(EXERCISE)
Return only the lines running from the first line of the listing through the one with "High-quality baggage shipment", unchanged.

--- START ---

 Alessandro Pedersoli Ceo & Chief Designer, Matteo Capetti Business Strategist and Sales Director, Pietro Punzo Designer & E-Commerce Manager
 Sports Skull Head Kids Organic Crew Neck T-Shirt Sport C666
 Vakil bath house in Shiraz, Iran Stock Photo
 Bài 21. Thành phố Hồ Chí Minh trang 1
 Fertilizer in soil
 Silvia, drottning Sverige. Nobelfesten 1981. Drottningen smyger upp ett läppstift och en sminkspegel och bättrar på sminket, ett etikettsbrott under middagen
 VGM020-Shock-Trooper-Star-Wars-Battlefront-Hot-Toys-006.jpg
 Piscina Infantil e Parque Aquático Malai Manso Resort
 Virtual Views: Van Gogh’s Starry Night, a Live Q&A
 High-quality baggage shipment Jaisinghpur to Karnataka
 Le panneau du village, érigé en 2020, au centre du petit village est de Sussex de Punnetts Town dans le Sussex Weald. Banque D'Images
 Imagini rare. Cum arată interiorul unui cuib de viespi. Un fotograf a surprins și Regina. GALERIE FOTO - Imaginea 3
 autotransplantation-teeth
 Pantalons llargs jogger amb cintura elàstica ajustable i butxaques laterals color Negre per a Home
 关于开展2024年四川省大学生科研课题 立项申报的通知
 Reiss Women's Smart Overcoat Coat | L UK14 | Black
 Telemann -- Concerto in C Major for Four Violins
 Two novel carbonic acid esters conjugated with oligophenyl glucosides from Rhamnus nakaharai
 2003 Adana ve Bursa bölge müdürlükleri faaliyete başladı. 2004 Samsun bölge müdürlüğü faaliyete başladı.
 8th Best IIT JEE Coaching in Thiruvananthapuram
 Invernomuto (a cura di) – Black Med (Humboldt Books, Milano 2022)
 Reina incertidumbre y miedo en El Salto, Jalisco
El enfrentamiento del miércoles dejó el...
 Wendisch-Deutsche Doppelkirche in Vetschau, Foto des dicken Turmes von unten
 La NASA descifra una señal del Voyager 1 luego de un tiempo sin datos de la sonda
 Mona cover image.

--- END ---

(OUTPUT BELOW)
 Alessandro Pedersoli Ceo & Chief Designer, Matteo Capetti Business Strategist and Sales Director, Pietro Punzo Designer & E-Commerce Manager
 Sports Skull Head Kids Organic Crew Neck T-Shirt Sport C666
 Vakil bath house in Shiraz, Iran Stock Photo
 Bài 21. Thành phố Hồ Chí Minh trang 1
 Fertilizer in soil
 Silvia, drottning Sverige. Nobelfesten 1981. Drottningen smyger upp ett läppstift och en sminkspegel och bättrar på sminket, ett etikettsbrott under middagen
 VGM020-Shock-Trooper-Star-Wars-Battlefront-Hot-Toys-006.jpg
 Piscina Infantil e Parque Aquático Malai Manso Resort
 Virtual Views: Van Gogh’s Starry Night, a Live Q&A
 High-quality baggage shipment Jaisinghpur to Karnataka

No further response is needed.